| WHAT YOU ARE ASKED TO DO |
With pictures excluded, give again exactly the lines running from the one holding "60 килограмм фруктов." through the end of the listing below.

| GIVEN DATA |
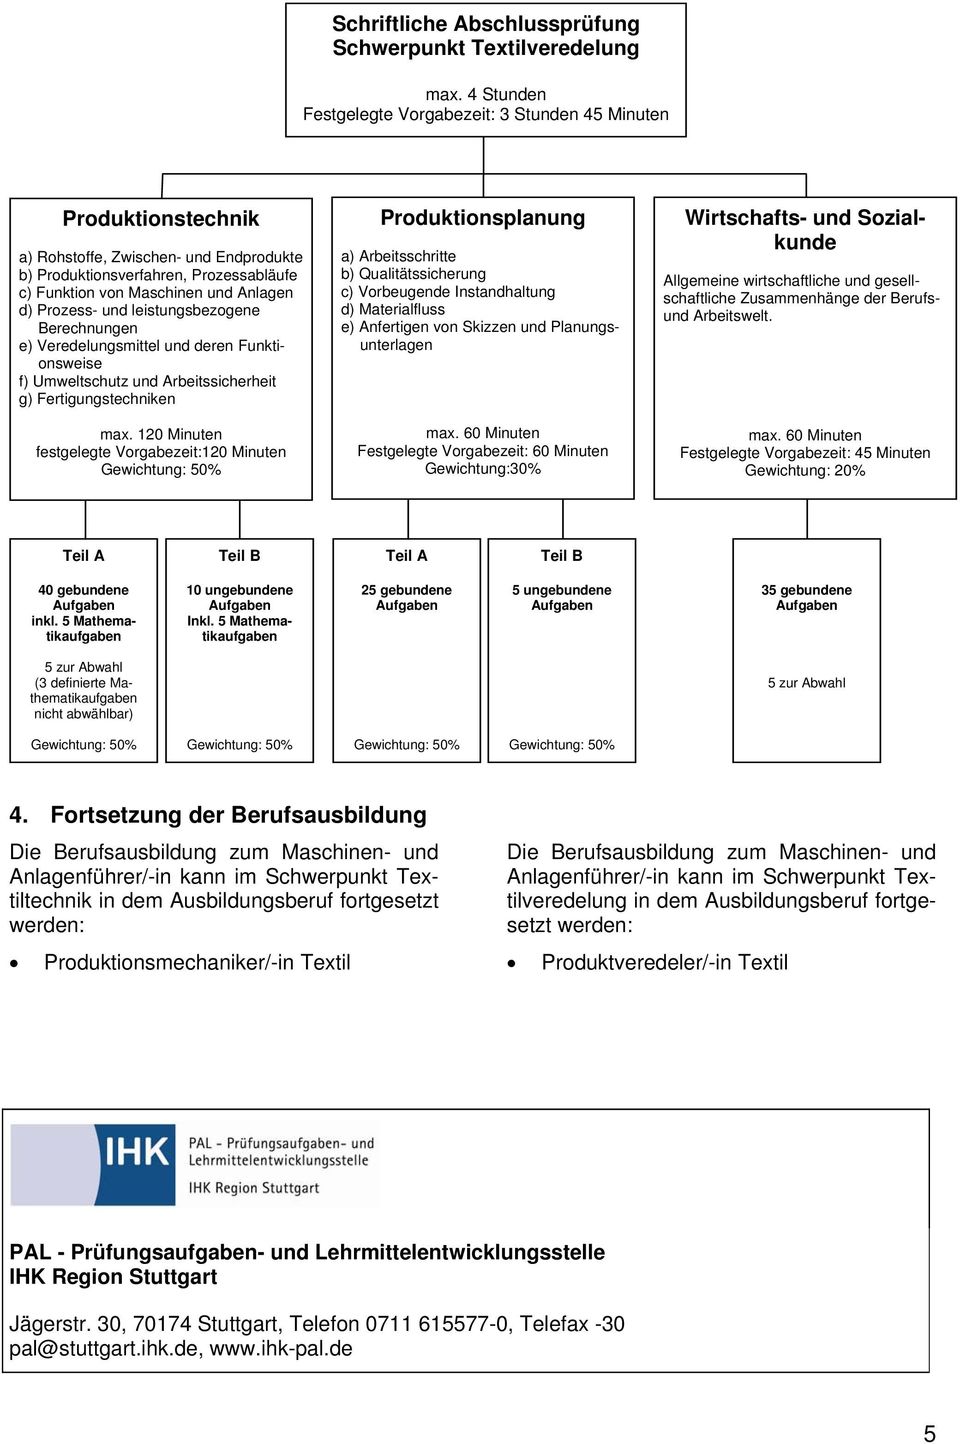 Prozess- und leistungsbezogene Berechnungen e) Veredelungsmittel und deren Funktionsweise f) Umweltschutz und Arbeitssicherheit g) Fertigungstechniken max.
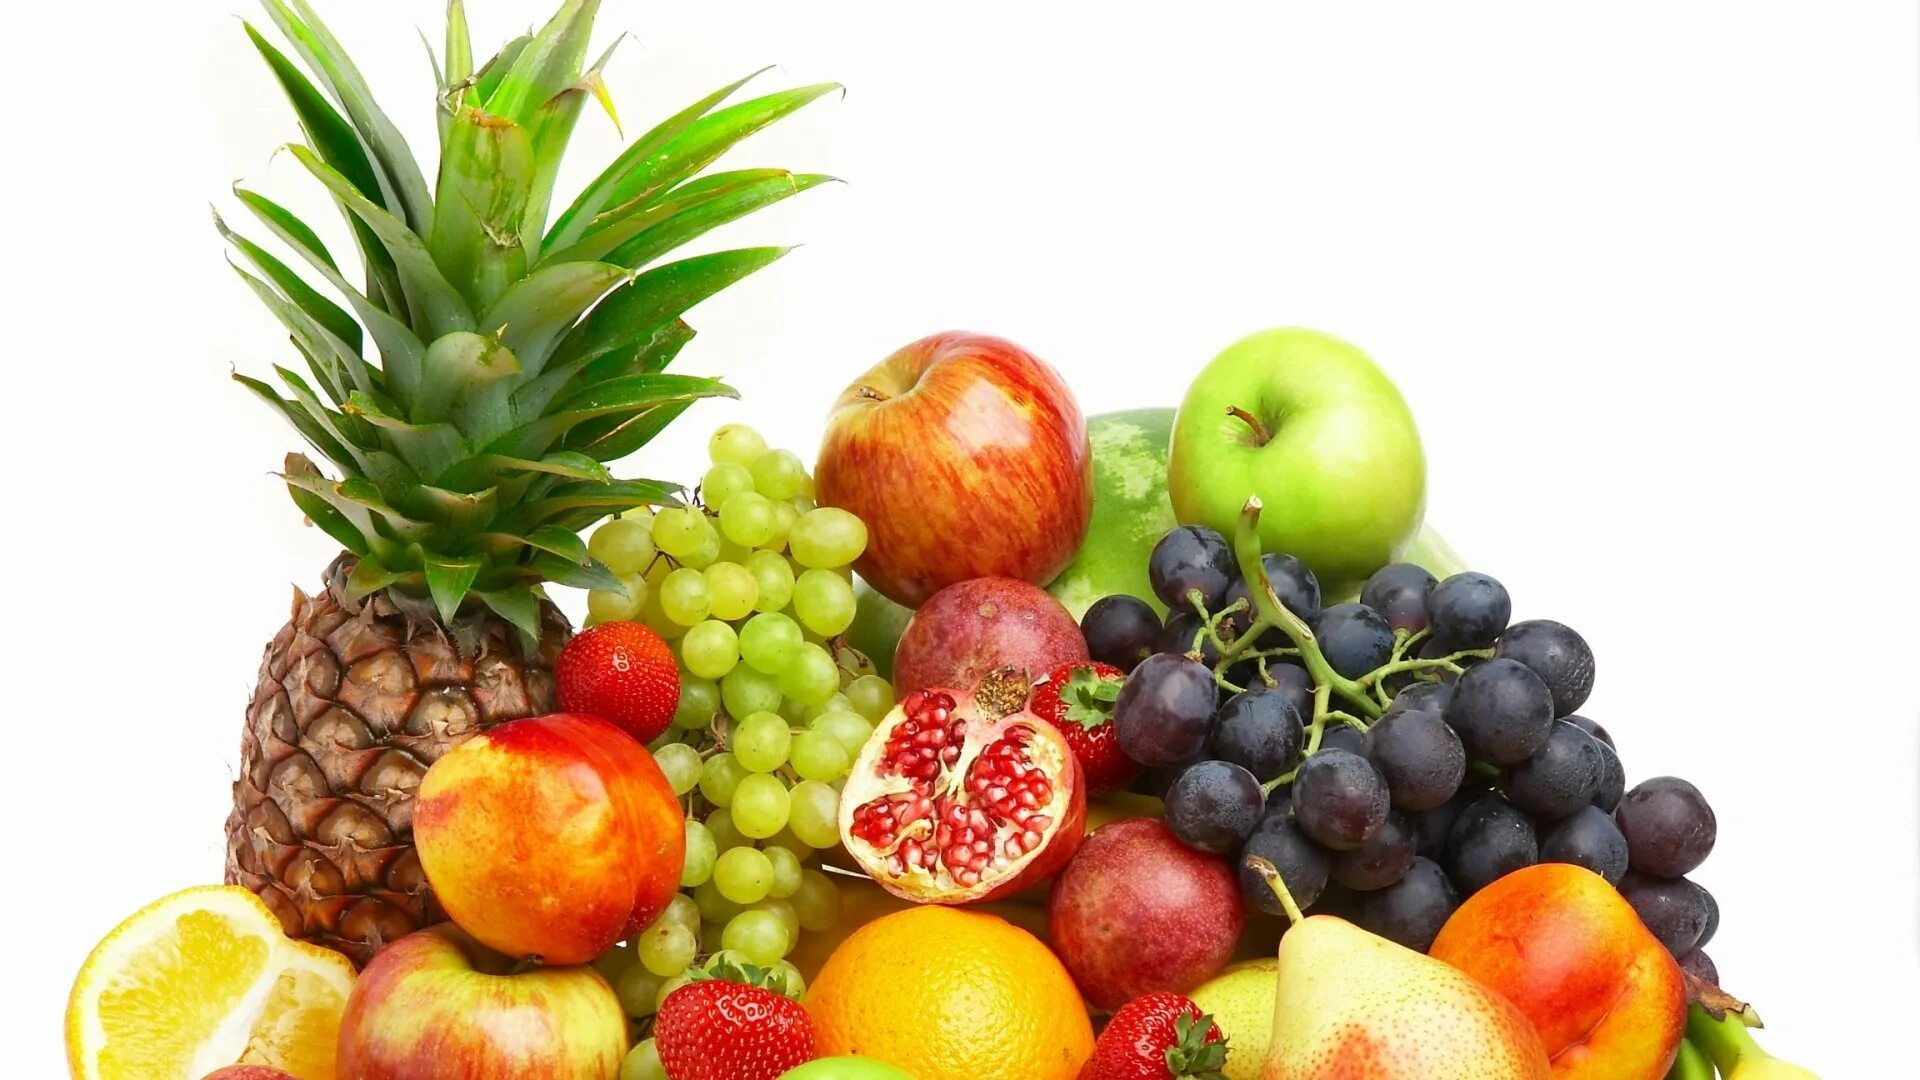 60 килограмм фруктов. Овощи, фрукты, ягоды. Фрукты. Овощи и фрукты на прозрачном фоне. Фрукты на прозрачном фоне.
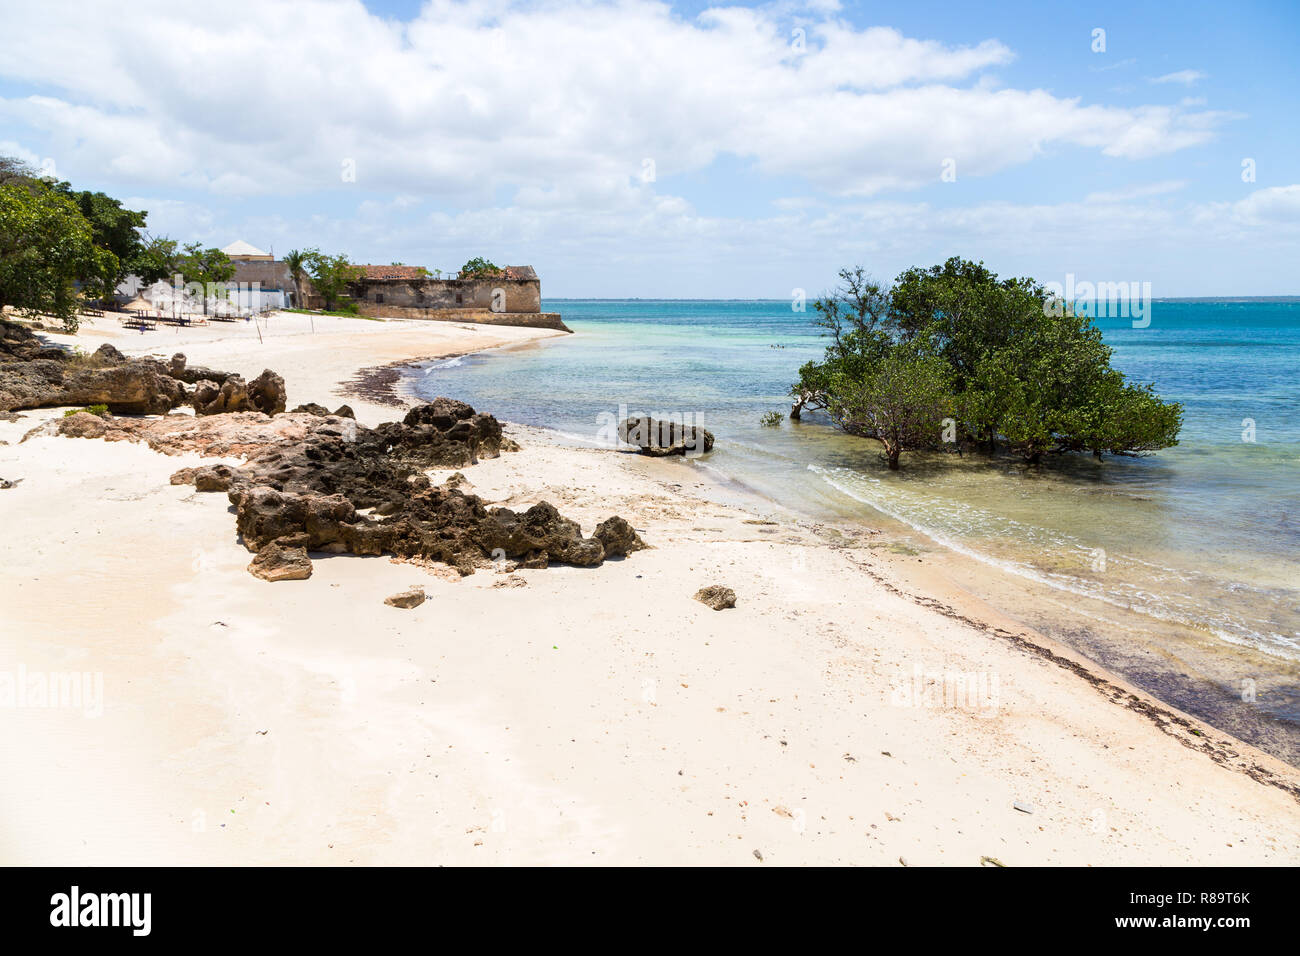 La plage déserte de l'île de Mozambique (Ilha de Mocambique), les mangroves et les vestiges d'une maison coloniale, de l'océan Indien. Nampula. L'Afrique de l'est portugaise. Banque D'Images

| ANSWER SPACE |
 60 килограмм фруктов. Овощи, фрукты, ягоды. Фрукты. Овощи и фрукты на прозрачном фоне. Фрукты на прозрачном фоне.
 La plage déserte de l'île de Mozambique (Ilha de Mocambique), les mangroves et les vestiges d'une maison coloniale, de l'océan Indien. Nampula. L'Afrique de l'est portugaise. Banque D'Images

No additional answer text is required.